A large body of research point to a compassion deficit in the rich that plays out in big and small ways. As reported in Scientific American, for example, drivers of luxury cars cut others off at intersections at a much higher rate than those driving economy cars. Other studies have found that the wealthy are more likely to lie in negotiations and less likely to agree with statements such as “I often notice people who need help.” And during simulations in which participants could divide up candy, giving some to children and keeping some for themselves, wealthier participants consistently kept more for themselves and gave less to children.

Does all this mean, perhaps, that selfishness is part of what enables some people to prosper? No. Rather, research suggests that it is a result rather than a cause of financial success. Simply creating the feeling of wealth in someone can result in self-justification. UC sociologist Paul Piff demonstrated this with rigged Monopoly games in a study involving hundreds of students. One “wealthy” player began the game with twice as much money and got to roll two dice instead of one. But when the clearly advantaged player won, he or she was highly likely to attribute it to skill rather than to preset advantage.

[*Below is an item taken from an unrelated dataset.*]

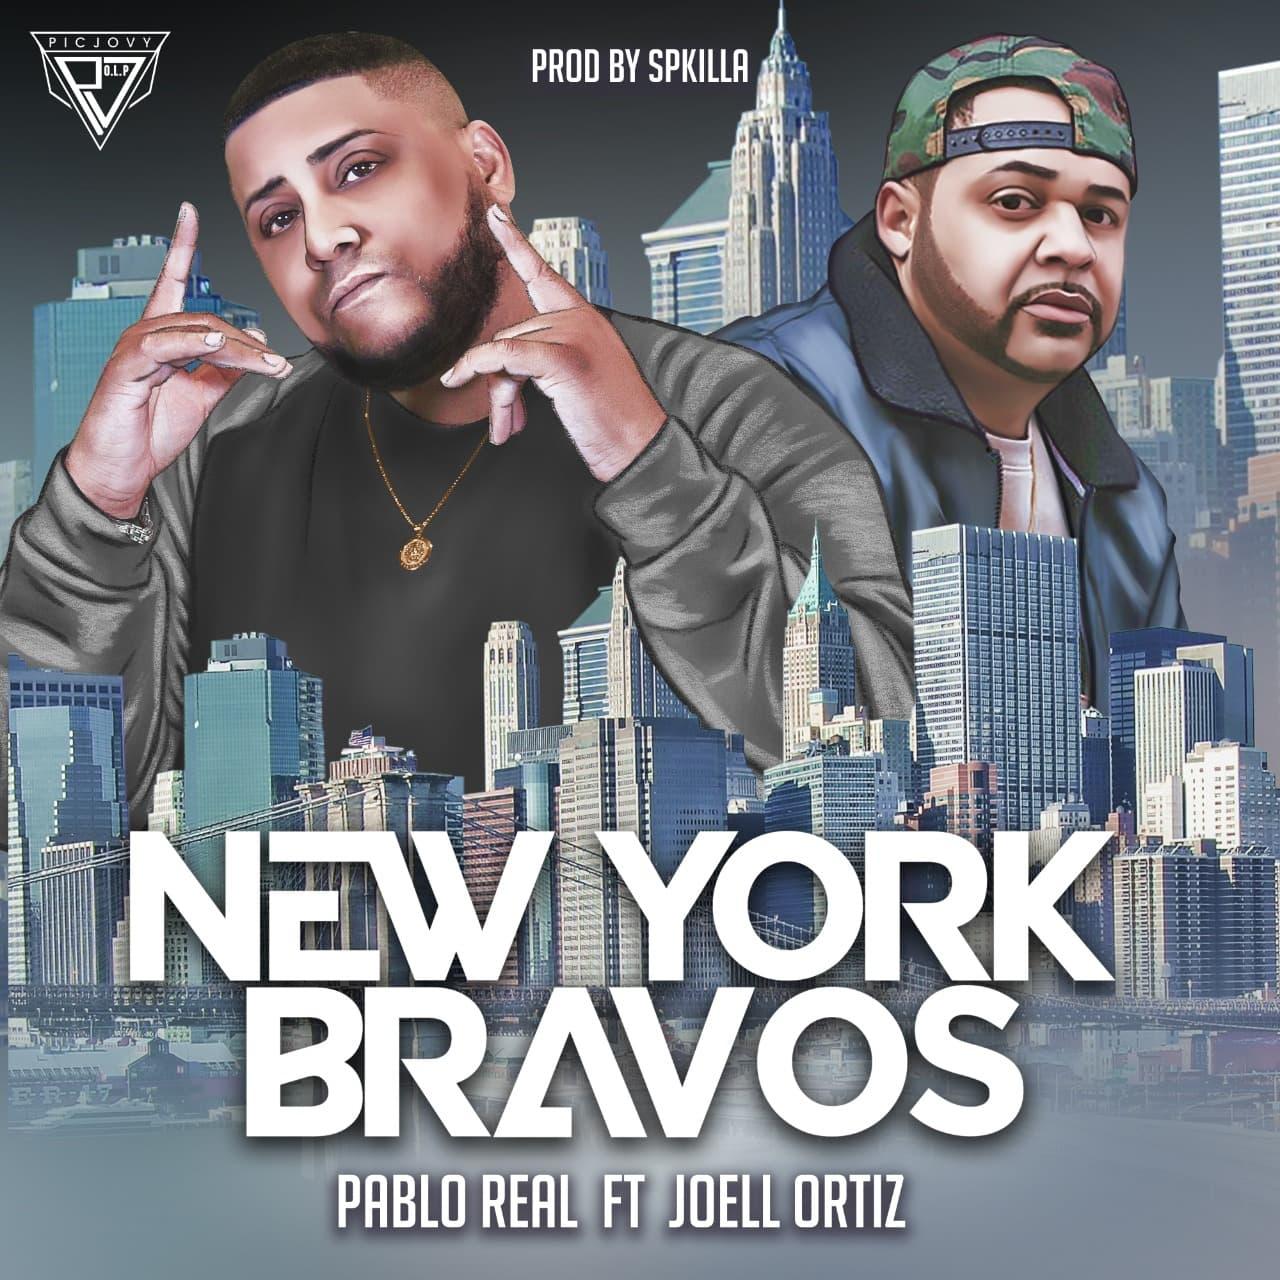 "122468611 2760527527521382 2901768905408422667 n - ""PABLO REAL Y JOELL ORTIZ"" SE PREPARAN PARA SOLTAR ""NEW YORK BRAVOS"""

At the University of Rotterdam, a series of studies found that people primed with reminders of money preferred to play and work alone, put more physical distance between themselves and new acquaintances, and were less helpful when they saw someone in need of assistance.

The reasons for this compassion gap are complex. Part of the explanation, Piff and fellow UC sociologist Dacher Keltner theorize, is that wealth allows people to be more independent. Those with considerable resources are less reliant on others and therefore feel less connected.

Most rich people rarely come into close contact with those in need. I recently asked a child in our school in Westwood if he knew anyone who ever went to bed hungry for lack of food. “No one,” he answered. I suspect that’s typical. Increasingly in America, wealth insulates us: Where once we sat on bleachers together, now the wealthy sit in box seats. They fly in private planes (or relax in exclusive clubs at the airport), live behind gates and in general maintain a buffer from those who are less fortunate. Studies suggest that actual personal distance in conversation grows with wealth as well.

A second theory that Piff and Keltner offer is that the wealthy are more likely to value greed as a social good — as a driver of the economy — and therefore to cut corners to make money. Ethics slide because making money is viewed as having social benefits as well as a personal ones.

As a rabbi, I see a spiritual explanation as well. We all know, deep down, that most of what we have is a product of good fortune. No matter how hard we work, we did not earn our functioning brains or the families into which we were born. We didn’t choose being born into an era, or a nation, that allowed our talents to develop. We ride in cars and live in homes we did not build, are warmed by heating and cooled by air conditioning we did not invent, live in cities others created for us organized by a government and protected by a military shaped by our predecessors. Yet we still point to our accomplishments and proudly proclaim, “I did this!”

No one likes to feel that what they have achieved stems more from luck than merit. So the well-off salve their consciences by assuring themselves that it is hard work and merit that brought them success, which also leads them to conclude that it is a lack of merit that keeps others from succeeding.

No one denies that working hard is likelier to pay off than indolence and that extraordinary efforts should be applauded. But we who are doing well financially should also acknowledge our great good fortune and work to nurture our compassion. One of the glorious paradoxes of psychology is that once we understand our natural tendencies, we can successfully fight them. I am privileged to know some very wealthy people who are paragons of generosity and empathy.

There are ways to increase compassion — volunteering at a soup kitchen, traveling to poorer countries, giving more money than you are comfortable with because you know that in a year or two it will not matter to you but will to the person or organization to which you donated.

Being lucky shouldn’t be cause for guilt, but it should engender gratitude and responsibility. Blessings are more powerful and enduring when shared.